Если есть хоть часть правды в том, что пишут теперь про охрану (во время покушения на П.А.Столыпина - Ред.), - то напрашивается ужасно горькое сознание. Уж если в высочайшем и абсолютном интересе, каким представляется безопасность Монарха, охрана оказывается чудовищно-неисправной, то что же говорить об охране общегосударственной! Стало быть, и по гражданскому, и по финансовому, и по дипломатическому ведомству, как по всем иным, государственная охрана поставлена так же, если не более, небрежно.
Стало быть, вход во все государственные службы тоже настолько не охраняется, что властям лень, быть может, даже взглянуть на билет и оторвать контрамарку. Стало быть, и в чиновники, и в офицеры, и в дипломаты, и в судьи, и в священники, и пр., и пр. могут проникать разные крещёные и некрещёные инородцы, нередко отравленные жгучей ненавистью к России, как Мордка Богров. Что такое образованное русское общество? Ведь это тот же театр, только раздвинувшийся на всю страну, театр политической власти, окружающий Трон.
Обыкновенным пропуском в этот правящий круг служит диплом, но разве мы не видим безчисленное множество людей с весьма сомнительными дипломами, выданными из жалости, по протекции, из страха нажить неприятности и т.д.? Разве не открыта недавно правильная и широко распространенная фабрикация Евреями гимназических дипломов? Разве давно уже не практикуется сдача экзаменов одними студентами за других? Разве профессорам и учебному начальству не известны безчисленные, начиная с шпаргалок, способы учебного подлога, выкрадывания тем и т.п.? Разве не все хохочут над цинической комедией, с которою Евреи крестятся в христианство, чтобы «пройти контроль» и затем сейчас же наплевать на всякое христианство? Всё это и многое другое мы, мирные люди, ясно видим, видит и начальство на всех ступенях, кроме разве верхней, отрешённой от жизни бюрократии. Все это длится долгими десятилетиями, и мудрено ли, что государственная служба у нас переполнена единомышленниками Мордки Богрова и даже кровными единоплеменниками его? Мудрено ли после этого, что священная когда-то государственность наша никнет и «золотой трон, от которого некогда неслись грозы»,— сам колеблется от яростных покушений и атак?

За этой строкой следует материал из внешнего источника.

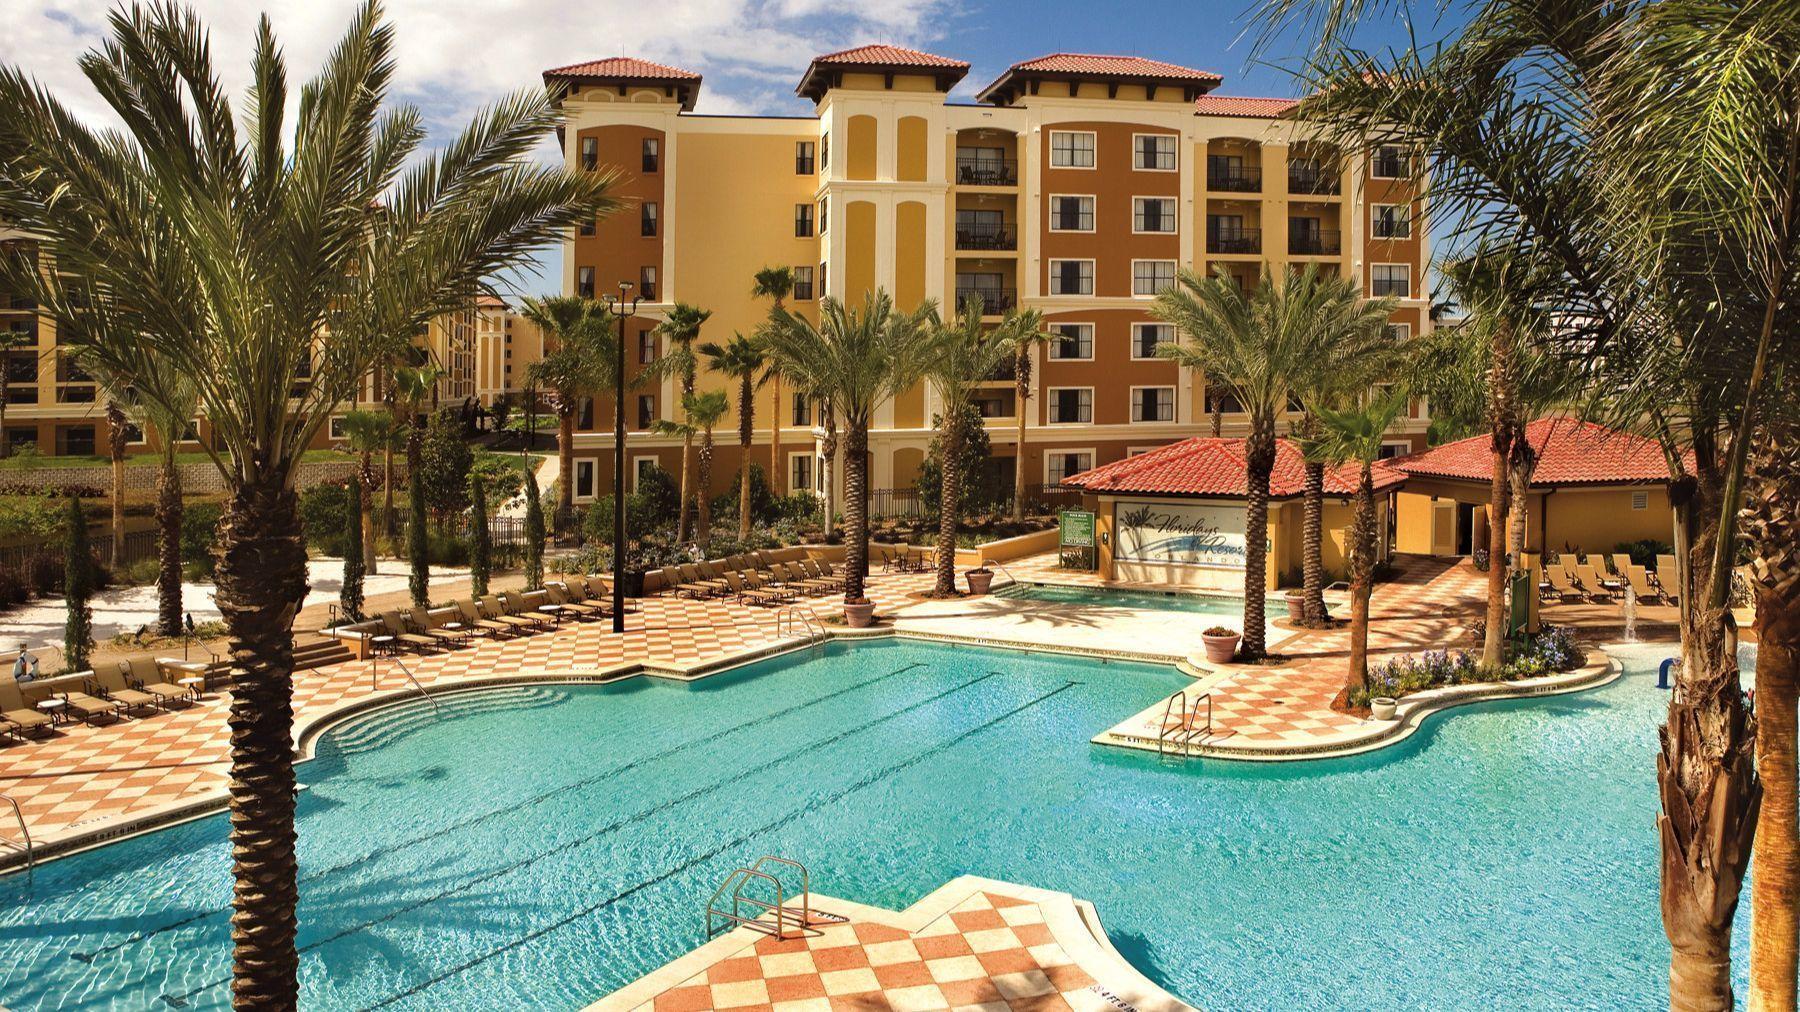 Best Kitchen Gallery: Florida Hotels Fare Well In Annual Best Hotels Ranking Orlando of Orlando Hotels Resorts  on rachelxblog.com

Империя наша, воспитанная в тысячелетнем православии, ещё недавно звала себя «Святою Русью». Расположенная на одной из лучших территорий света, она возбуждала зависть народов.
Победоносные до еврейского внедрения армии наши совершали легендарные походы на пространстве от Парижа до Пекина и от Стокгольма до Константинополя.
Процветали наша поэзия, литература, искусство.
Освобождённый и ещё не спаиваемый до потери совести народ имел полную надежду занять почётное место в ряду культурнейших арийских народов.
И что же,—вместо всего этого великая страна разлагается в анархии, русская слава в унижении, народ в унынии и страхе за своё ближайшее будущее.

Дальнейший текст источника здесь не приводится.